Пан Михл отодвинул тарелку и пошел поискать том энциклопедии на Б. «Б… ботулизм, или аллантиазис… проявляется через двадцать четыре или даже через тридцать шесть часов (проклятие!)… следующими признаками: паралич глазных мышц, потеря зрения, сухость в горле, покраснение слизистой, отсутствие выделения слюны (пан Михл непроизвольно проглотил слюну), хриплый голос, отсутствие мочеиспускания и запор, в тяжелых случаях — судороги, паралич и смертельный исход (благодарю покорно!)». У пана Михла как-то отпала охота есть, он спрятал паштет в буфет и стал медленно жевать булку с огурцом. «Бедный Эман, — думал он, — глупое животное, возьмет сожрет испорченный паштет и пропадет как собака».

Со стесненным сердцем он поднял кота и посадил себе на колени.
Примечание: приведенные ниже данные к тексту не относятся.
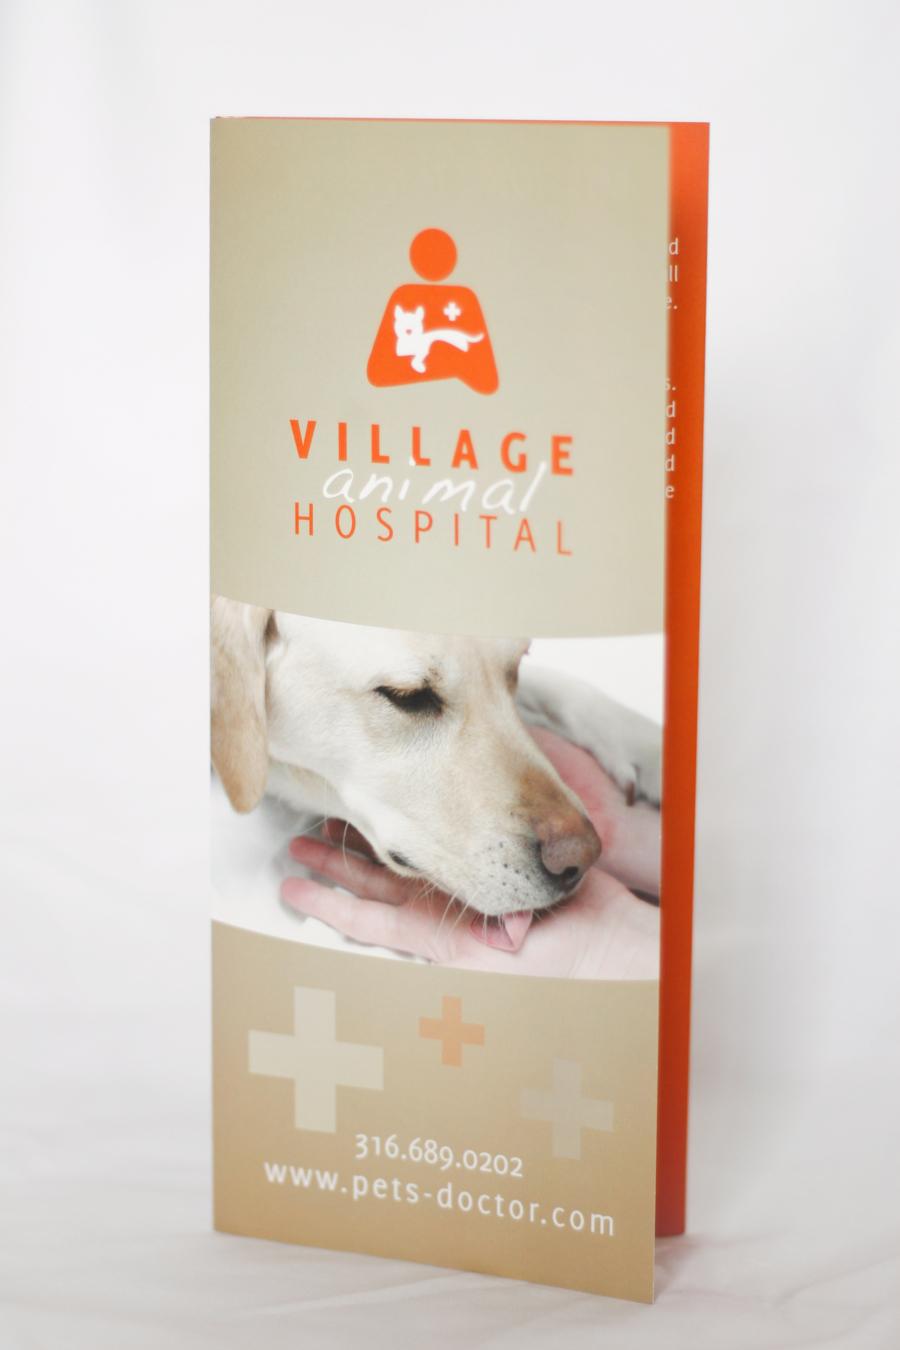 Village Animal Hospital Brochure © Barrett Morgan Design LLC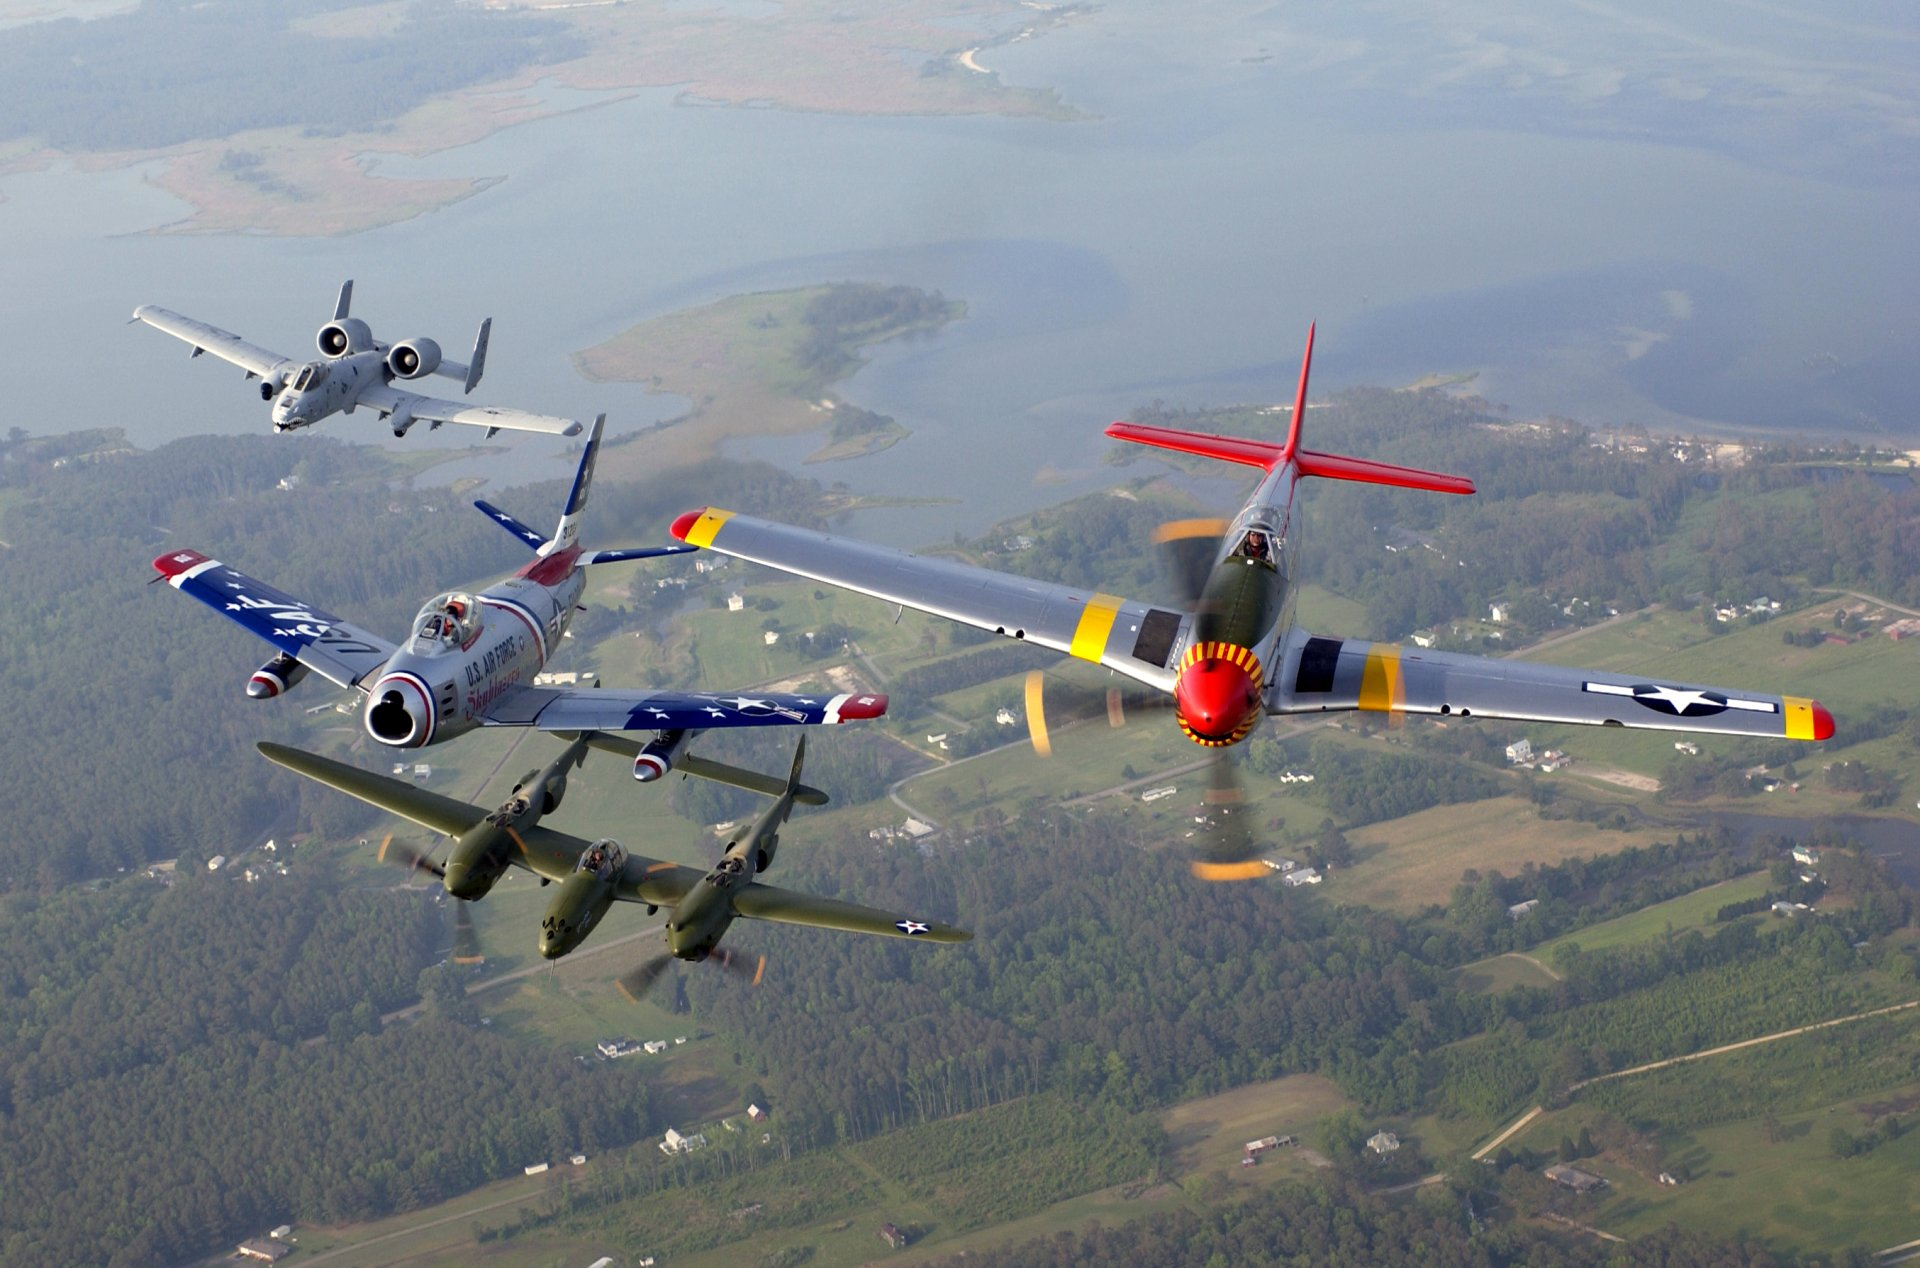 Military - Air Show  Fairchild Republic A-10 Thunderbolt II Wallpaper

Эман усердно замурлыкал, блаженно жмуря глаза, а пан Михл сидел, не двигаясь и гладил его, озабоченно и с сожалением поглядывая на непрочитанную газету.

Этой ночью пан Михл взял Эмана к себе в постель. «Может, завтра его уже не станет, пусть хоть понежится». Всю ночь пан Михл не спал, часто подымался, чтобы потрогать кота рукой. Нет, с ним как будто ничего. И нос холодный. После каждого поглаживания кот начинал мурлыкать чуть ли не в голос.

— Вот видишь, — сказал пан Михл наутро, — паштет-то был хороший, правда? Но вечером я сам его съем, чтоб хоть знать, что это такое. Не думай, пожалуйста, что я буду всю жизнь кормить тебя паштетами.

Эман разинул рот, чтобы издать нежное и хриплое «мяу».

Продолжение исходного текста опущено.